Pesquisadores do Rensselaer Polytechnic Institute desenvolveram uma nova bateria para dispositivos de armazenamento que pode ser facilmente confundida com uma folha de papel preto.

A semelhança não é mera coincidência. Desenvolvida a partir de nanoengenharia, a bateria ultrafina tem 90% de celulose na sua composição.

A bateria também pode ser impressa, como papel. Mas aparências à parte, ela é altamente resistente, suportando temperaturas acima de 148º C e abaixo de -37º C.

Além de funcionar como dispositivo de fornecimento de energia, a bateria também funciona como capacitador, utilizando sangue, urina e suor humano como fonte de energia.

Os pesquisadores do Rensselaer infiltraram o material, bastante similar a papel, com nanotubos de carbono - que dão a cor preta à bateria.

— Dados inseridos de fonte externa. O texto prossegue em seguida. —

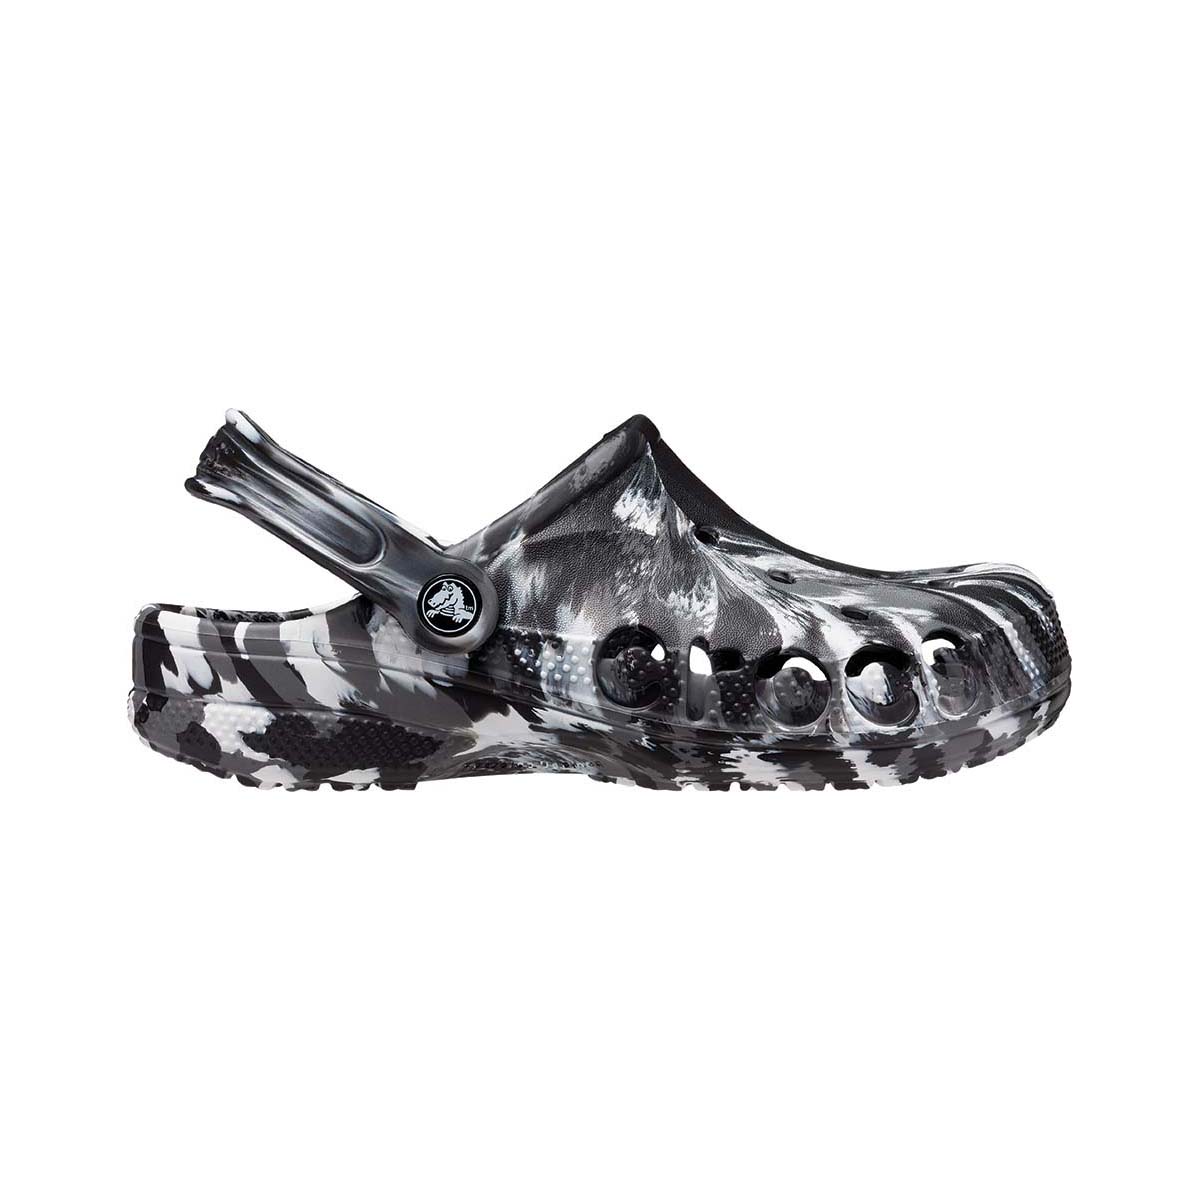 Crocs Unisex Baya Marbled Clogs Black/White M4/W6

Esses nanotubos funcionam como eletrodos, que permitem conduzir energia. Os pesquisadores usaram um líquido iônico - essencialmente sal - como eletrólito da bateria.

Como não contém água, a bateria pode resistir a variações de temperatura sem congelar ou sofrer evaporação.

Sem elementos tóxicos na composição, ela é capaz ainda de utilizar sangue ou suor como eletrólito - os cientistas demonstraram esta aplicação -, portanto a bateria pode ser utilizada como fonte de energia para dispositivos implantados no organismo, como marca-passos.

Outras aplicações incluem dispositivos portáteis ou mesmo embarcações e veículos. A tecnologia já foi patenteada e agora os pesquisadores estudam formas de produzir o material em escala a um custo viável.